Yes Please by Amy Pohler. Love it so far. Funny and surprisingly touching in parts. Not crazy about the chapters written by other people like Seth Meyers.
how is it compared to Bossypants?
Yes Please by Amy Pohler. Love it so far. Funny and surprisingly touching in parts. Not crazy about the chapters written by other people like Seth Meyers.
how is it compared to Bossypants?
how is it compared to Bossypants?
Everyone else was doing it, so why not me:
The Southern Reach Trilogy by Jeff VanderMeer
Annihilation - Brilliant. One of the scariest books I've ever read.
Authority - Blech.
Acceptance - Better than Authority but still not on the same level as the first.
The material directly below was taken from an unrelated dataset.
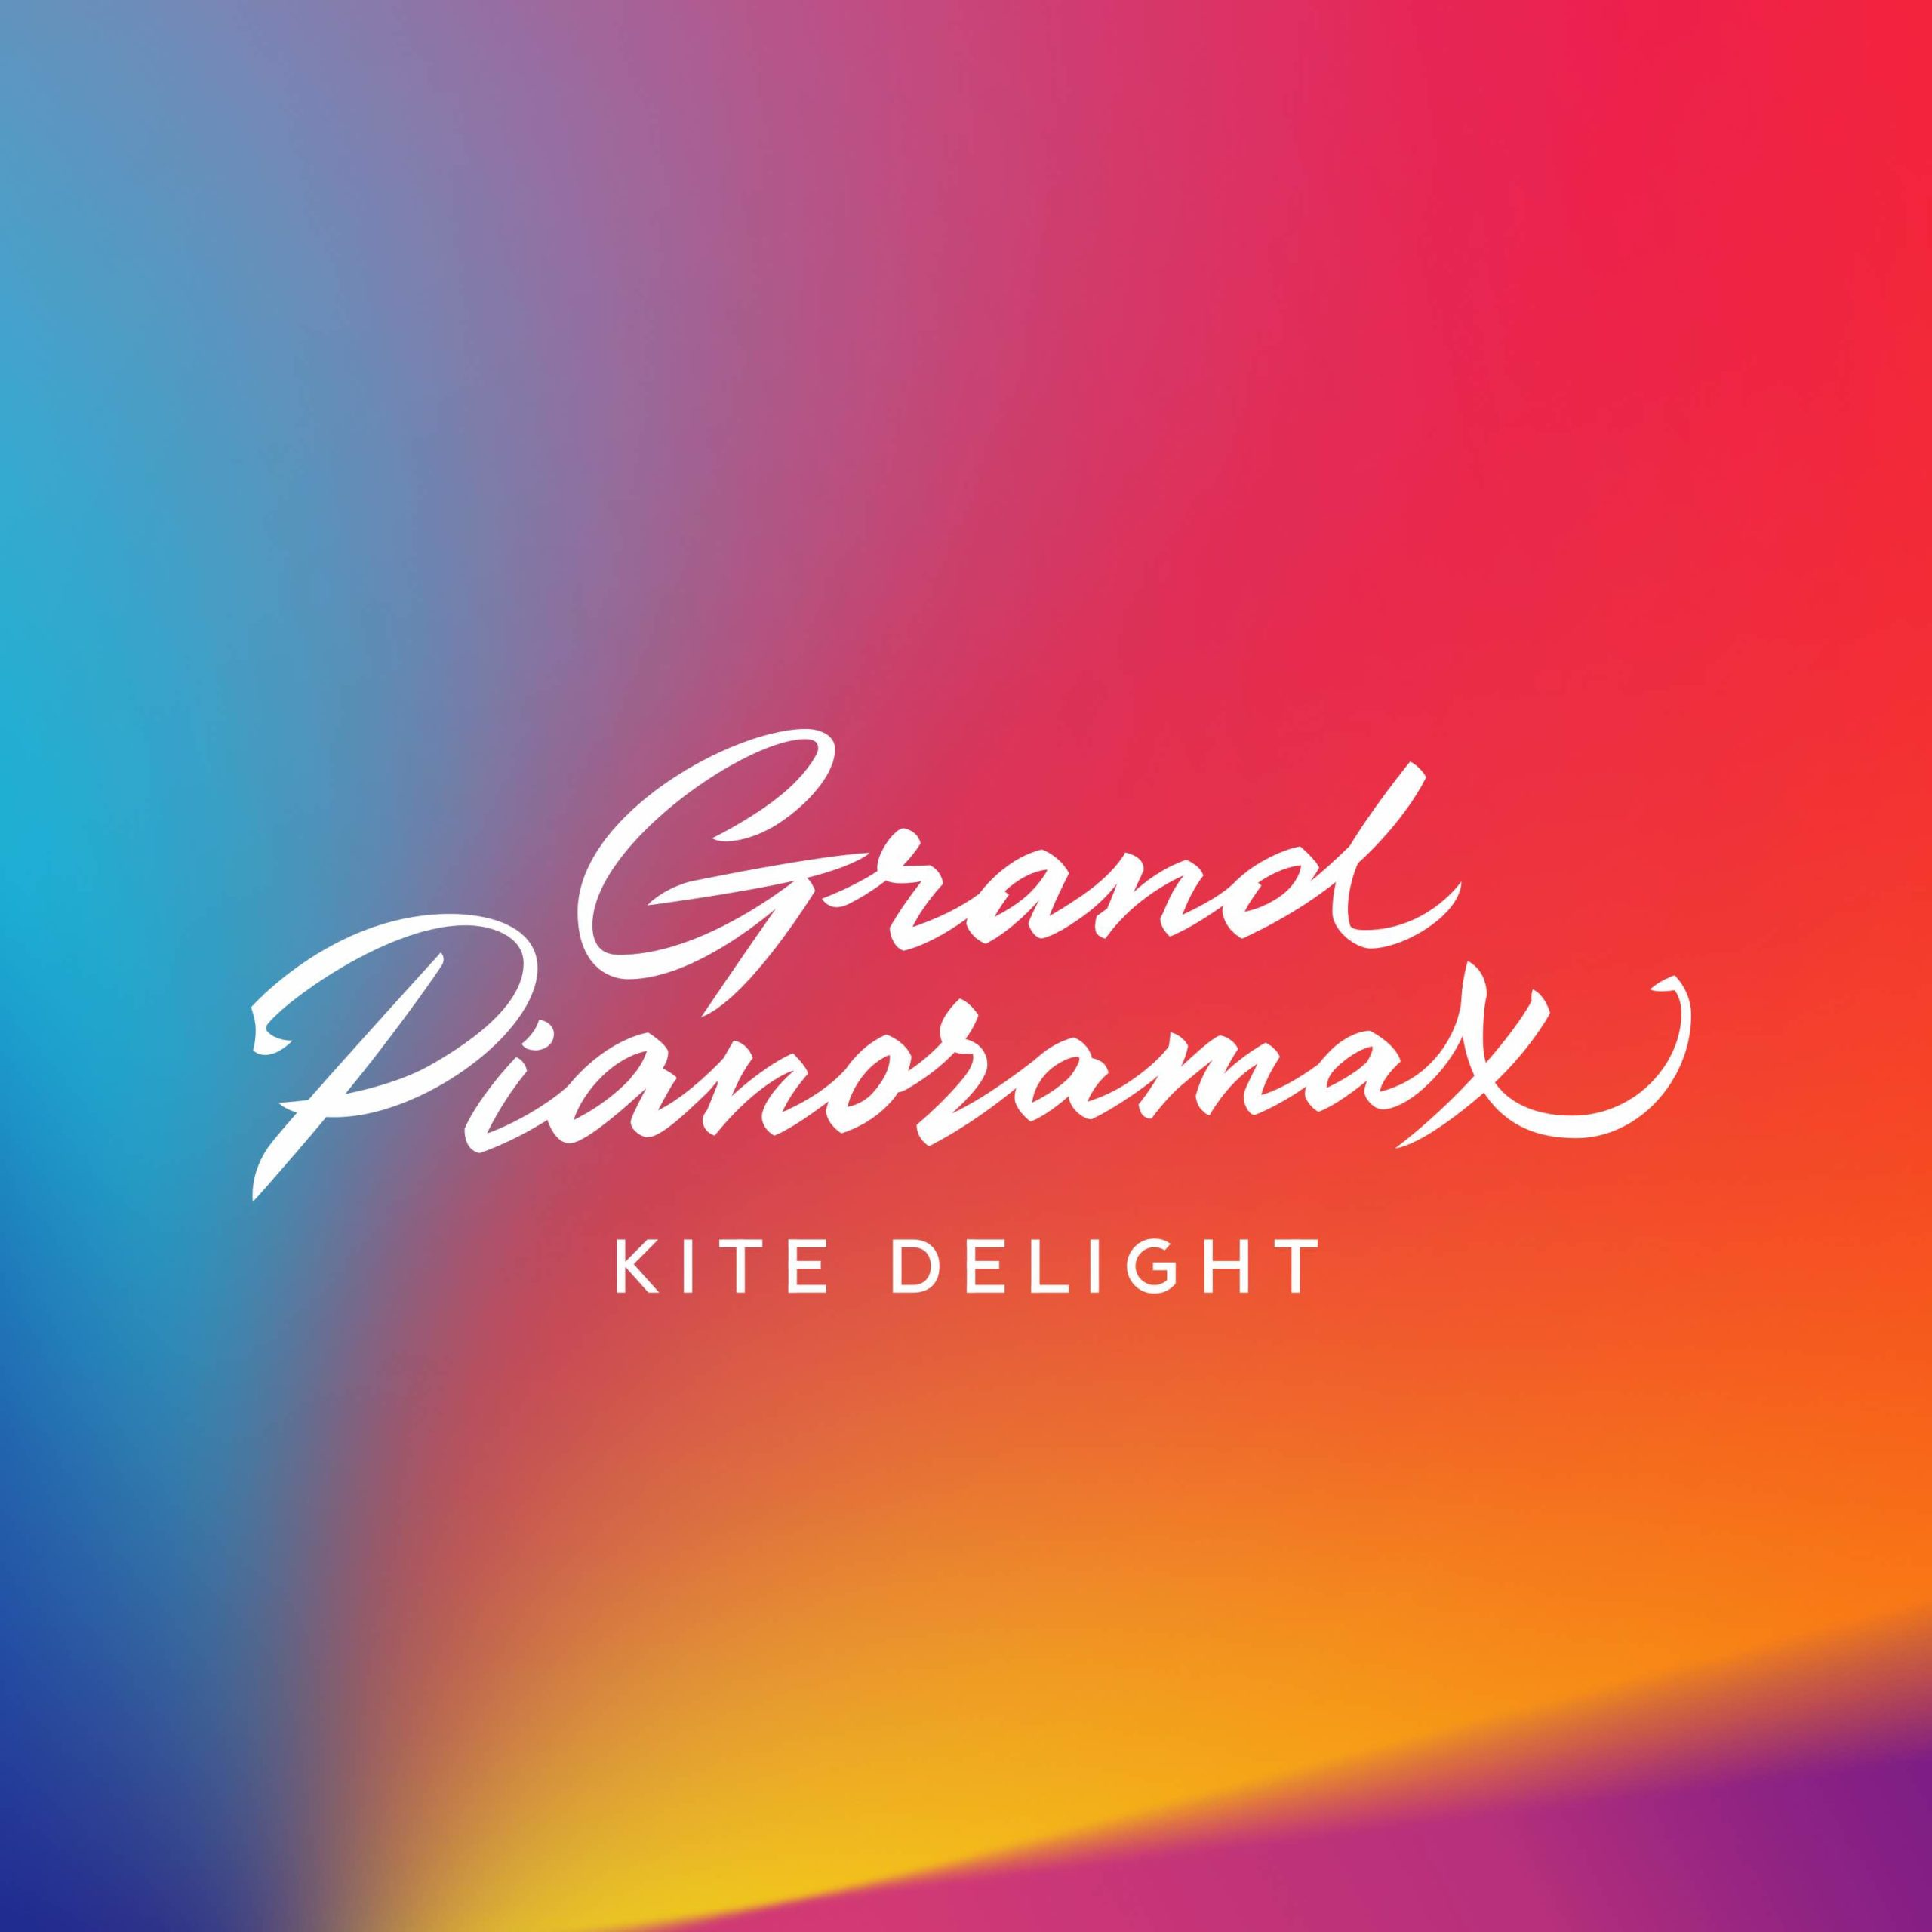 Kite Delight and more GPX delicacies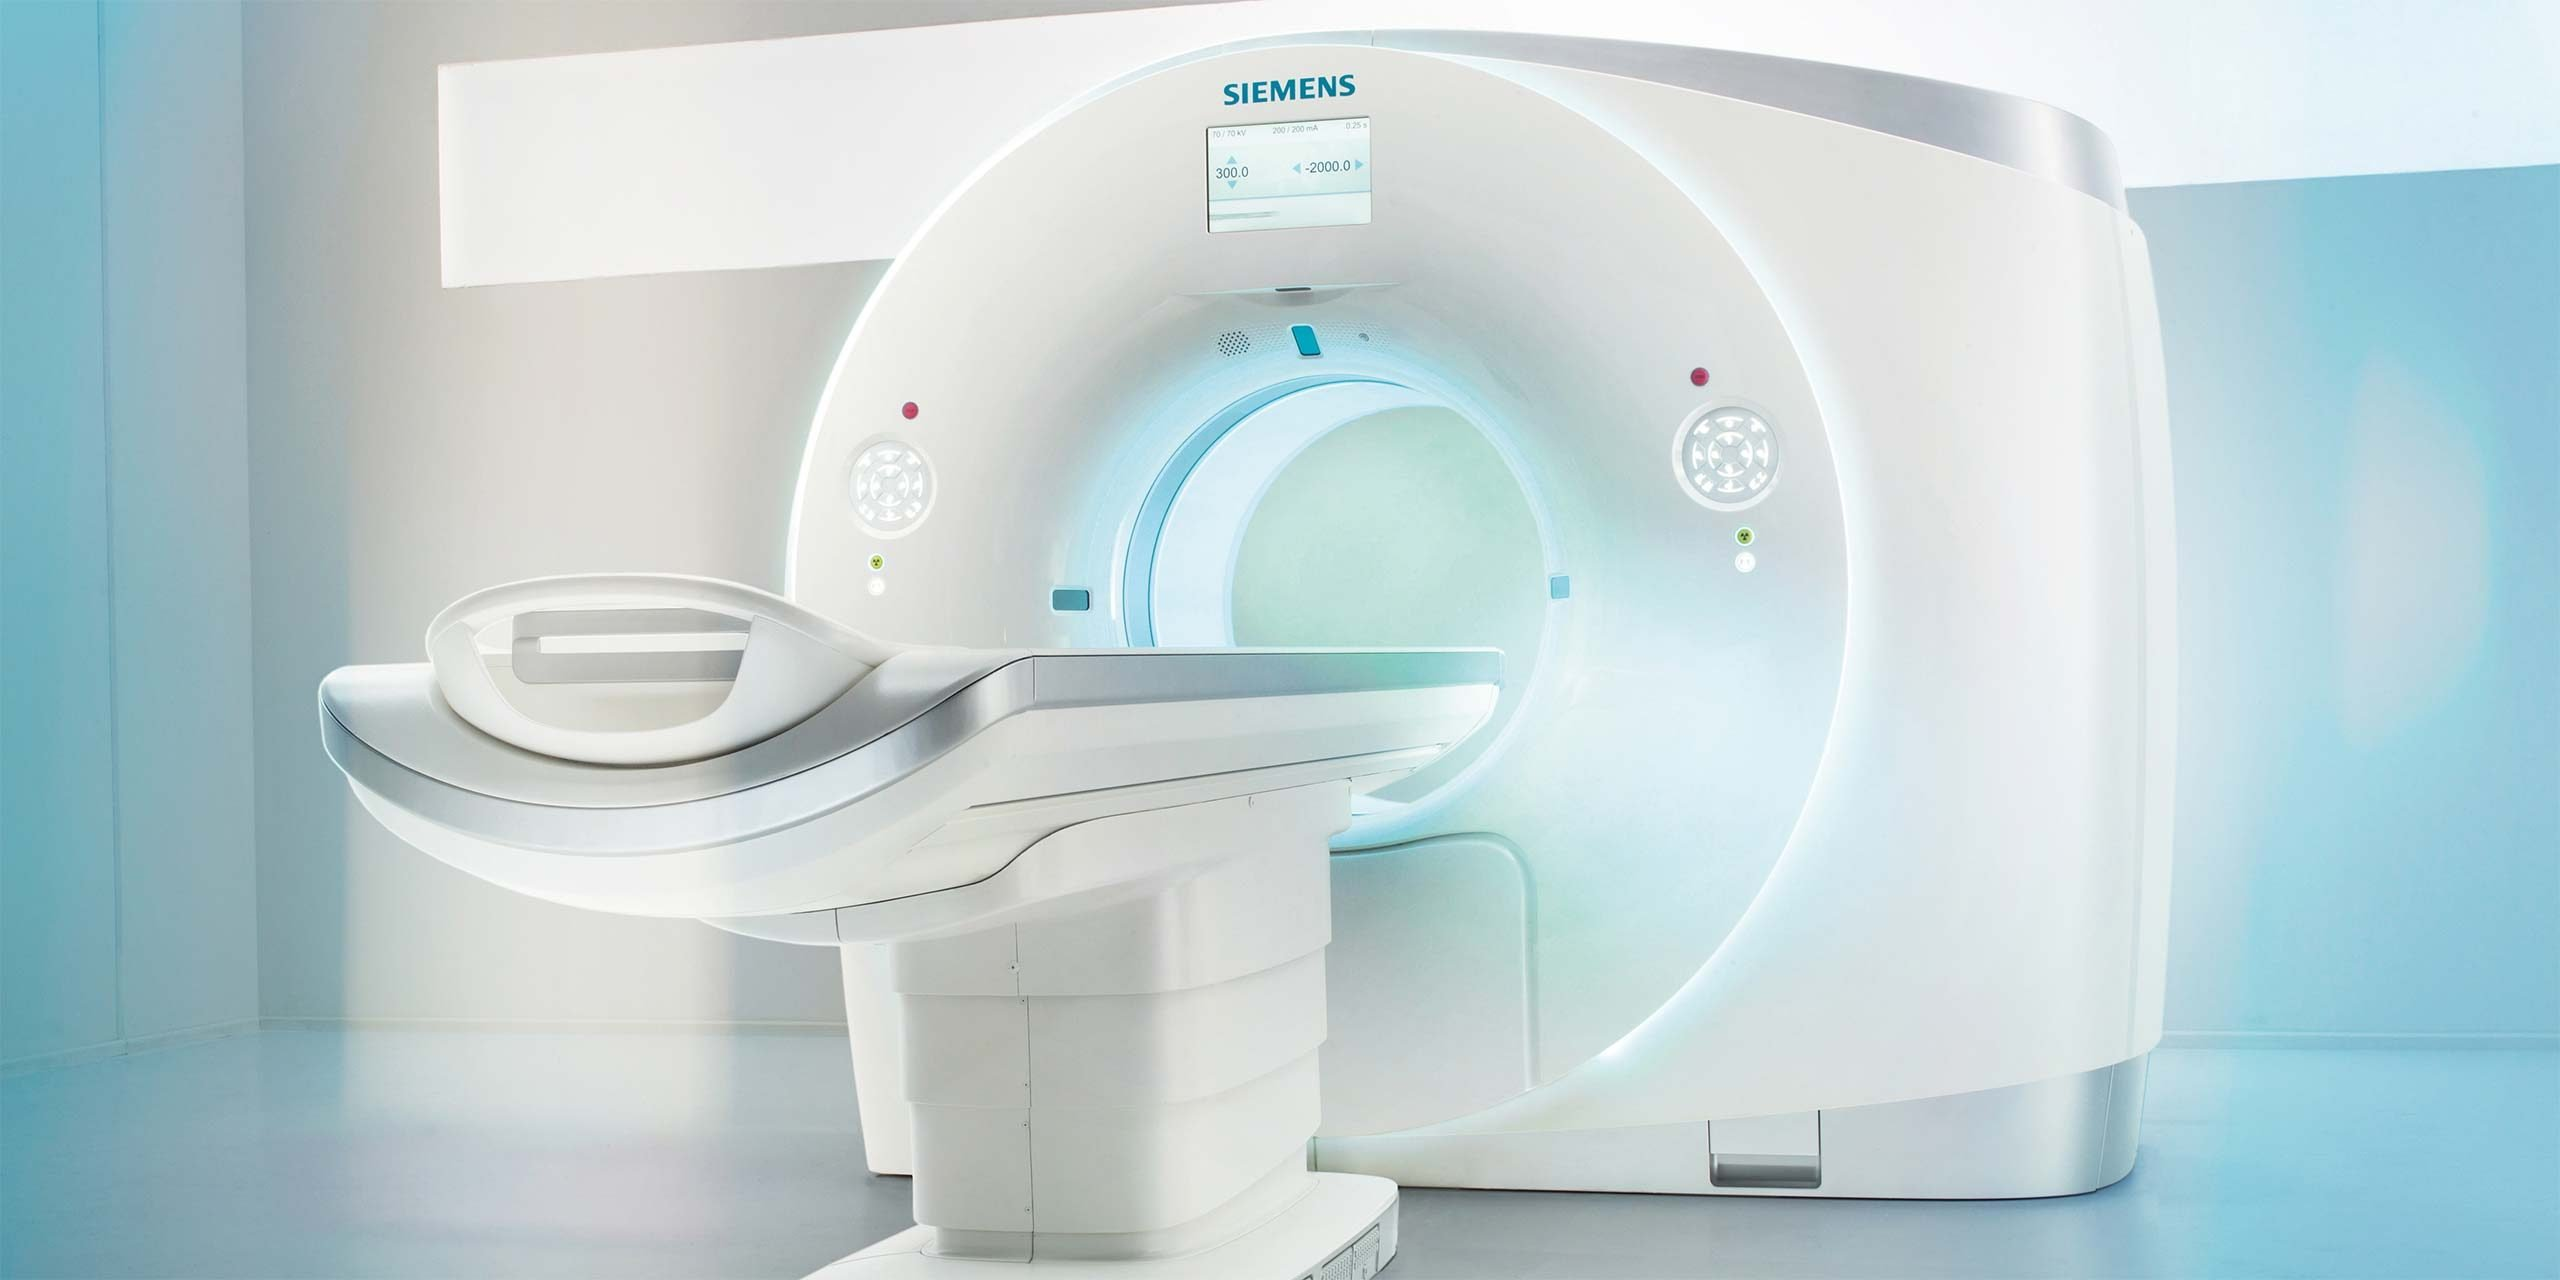 Radiologikum - Eppendorfer-Baum - Nuklearmedizin

Not sure if I could recommend the series as a whole but I would have been totally satisfied just reading the first book and leaving it at that.
Once I can get my hands on my preferred translations, I'm planning on working through the Western canon from start the end--beginning with the Greeks, the Romans, and so on. Aside from the obvious value of reading canonical literature in itself, this will hopefully help me with catching allusions in referential texts like Ulysses and Finnegans Wake.
If you haven't already, you should read The Western Canon by Harold Bloom. It has an extensive list in the back of what he deems to be the canonical works. That list alone should provide many years of reading.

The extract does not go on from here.